Неведомо как, но неизменно добывал правду о войне человек, родившийся 25 января 1938 года. Предупреждал честно: «Я не воевал, мне не довелось». Разумеется, кое-какие воспоминания сохранились: «Маскировку пытался срывать я. Пленных гоним — чего ж мы дрожим? Возвращались отцы наши, братья по домам по своим да чужим».

Встречаясь с людьми, Высоцкий рассказывал о своей работе охотно. Не лукавил, но и души своей перед сотнями незнакомых нараспашку не распахивал. Оно и понятно: не мог же он на полном серьезе вещать об ответственности таланта перед народом, о муках неустанных заполночных поисков единственного слова. Отмалчивался: «Моя кухня вам неинтересна». Отшучивался: «Ей-богу, у меня был один знакомый попугай в Одессе, он разговаривал на многих-многих языках». Свои вызывавшие восхищение находки относил на счет жанра авторской песни, которая, мол, в отличие от номера профессиональной эстрады никогда не может быть заучена, а потому подвижна, гибка, изменчива под сердцебиение ей внимающих…

И даже свой поразительный дар поэтического перевоплощения, когда его «я» становилось неотрывным от «я» множества людей разных возрастов, национальностей, способов добывать пропитание, социальных положений, словом, судеб — даже этот дар он причинно выводил из своей профессии актера.

Подходя чисто анкетно — похоже на правду. В 1956 году студент инженерно-строительного института Высоцкий, завершив уже под утро курсовой чертеж, налил себе еще одну, уже которую за ночь, чашку горячего кофе. Допил его, наполнил чашку гущей со дна кофейника и спокойно, на глазах у онемевших однокурсников, полил коричневой жижей аккуратно исчерченный ватман.

Все!

— А что теперь? — спросили друзья.

— Пойду в артисты. Каждый должен делать свое.
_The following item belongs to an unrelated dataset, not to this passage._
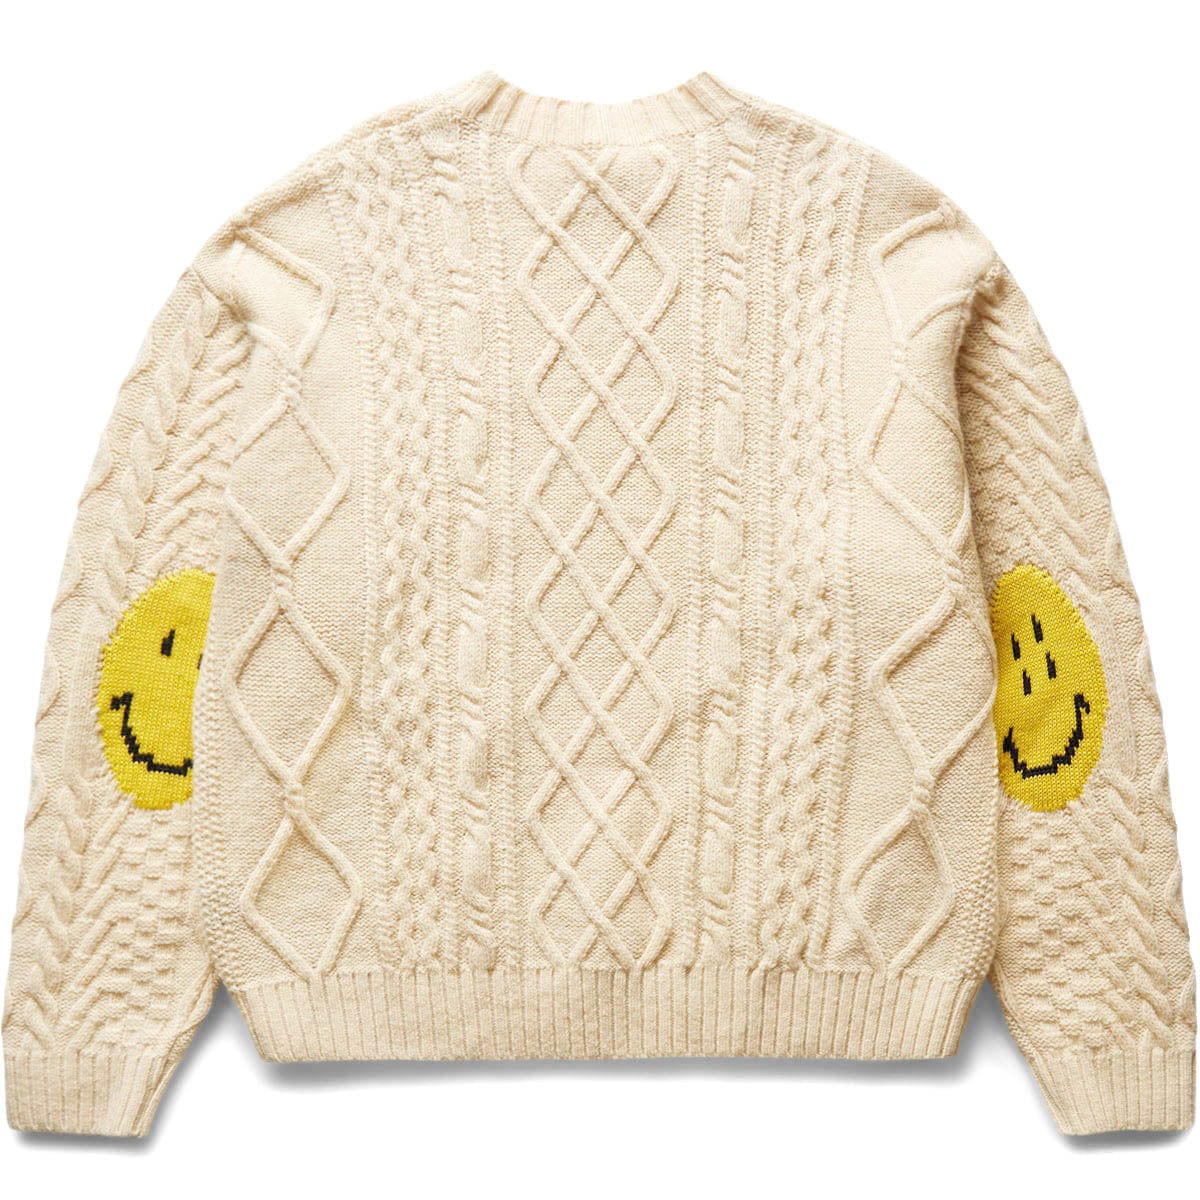 Kapital Knitwear 5G WOOL CABLE KNIT HAPPY PATCH CREW SWEATER

От последнего чертежа до первой песни оставалось еще целых четыре года. От первой песни и до последней — всего 20 лет.

25 ИЮЛЯ 1980 ГОДА

Когда Высоцкий умер, многие ведомства оказались захваченными врасплох. На высоте оказалось, пожалуй, лишь МВД.

В Москве шла Олимпиада, был прекрасный пятничный день, на стадионах вовсю раздавали медали, и казалось, всем было не до того. Только к двенадцати дня под окнами кирпичного кооперативного дома на Малой Грузинской собралось человек тридцать. Стояли молча, окаменев.
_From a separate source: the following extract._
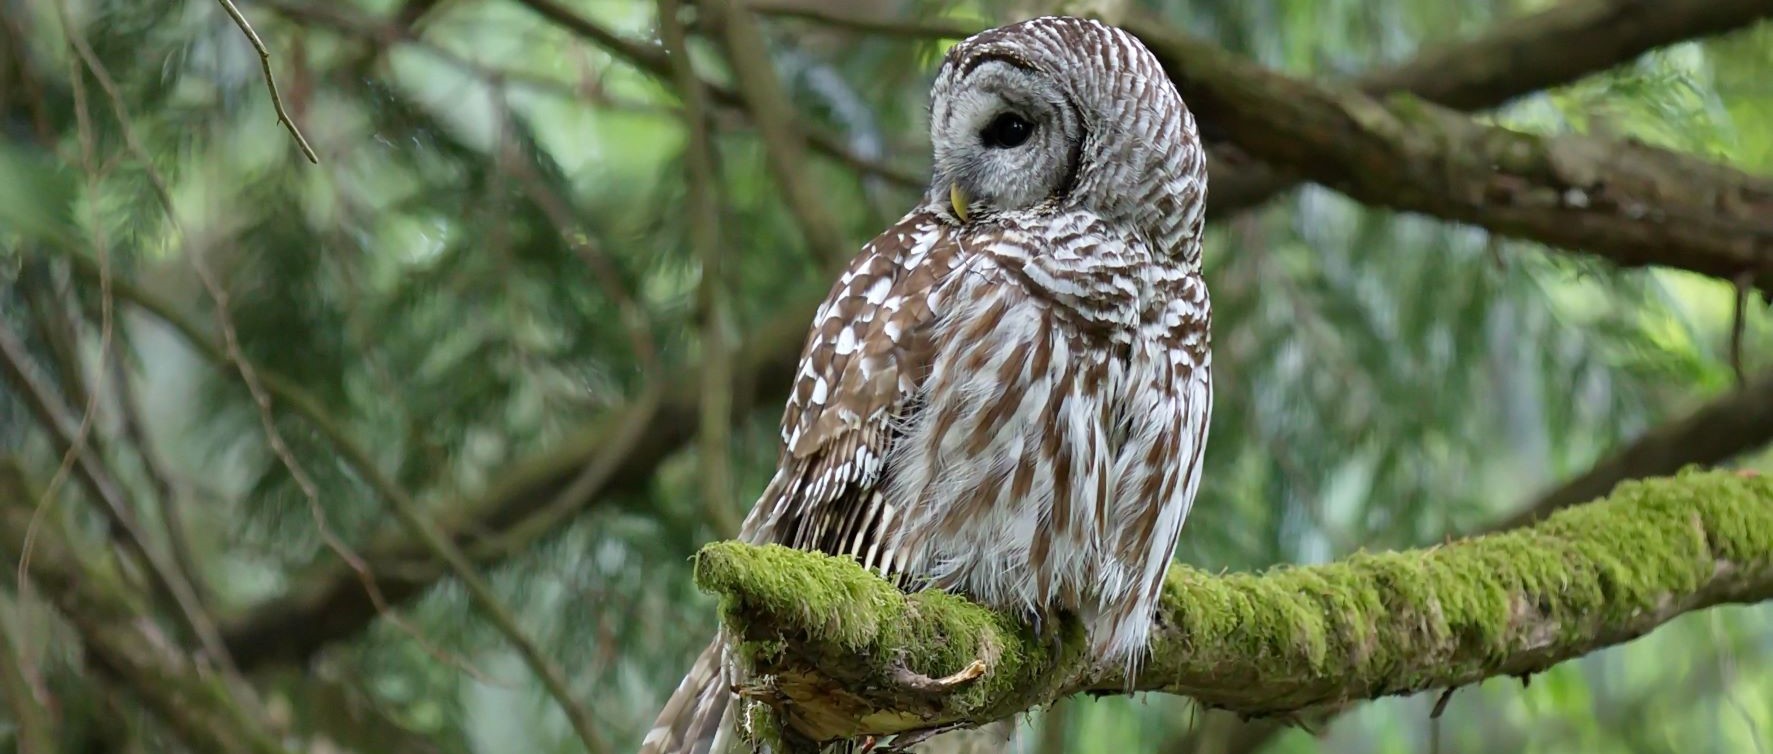 All About Owls (Virtual)

Через несколько часов вышла «Вечерка» с «рамкой». Спасибо «Вечерке», она была одна… «Рамка» выглядела скромно, всего несколько строк: «с глубоким прискорбием… артист Театра на Таганке…» Что ж, все верно. «Рамка» — не место для эмоций. Документ. Чего не заслужил, того не перечислишь.

Чего же он не заслужил? Одного места среди 10-тысячного писательского Союза — как раз за пару недель руководство рассматривало его заявление и не сочло. Значит, не поэт, и поэтические почести не положены. Не композитор — ну, это он и сам сколько раз говорил. Что не народный — это, конечно, факт. Но даже после Гамлета и Дон Хуана не заслужил, представьте, и заслуженного.

Просто артист…

К ночи народу внизу прибавилось. С балкона восьмого этажа были видны обращенные вверх лица. Стояли всю ночь. Это тоже давняя традиция русской поэзии.

Утром откликнулся «Голос Америки», сумев в краткую информацию мастерски уложить большую бестактность. «Умер менестрель Владимир Высоцкий, муж известной в Советском Союзе французской киноактрисы Марины Влади». Какая прозрачная язвительность! Менестрель, мол, известен благодаря француженке-жепе. Да и француженка хорошо известна только в Советском Союзе…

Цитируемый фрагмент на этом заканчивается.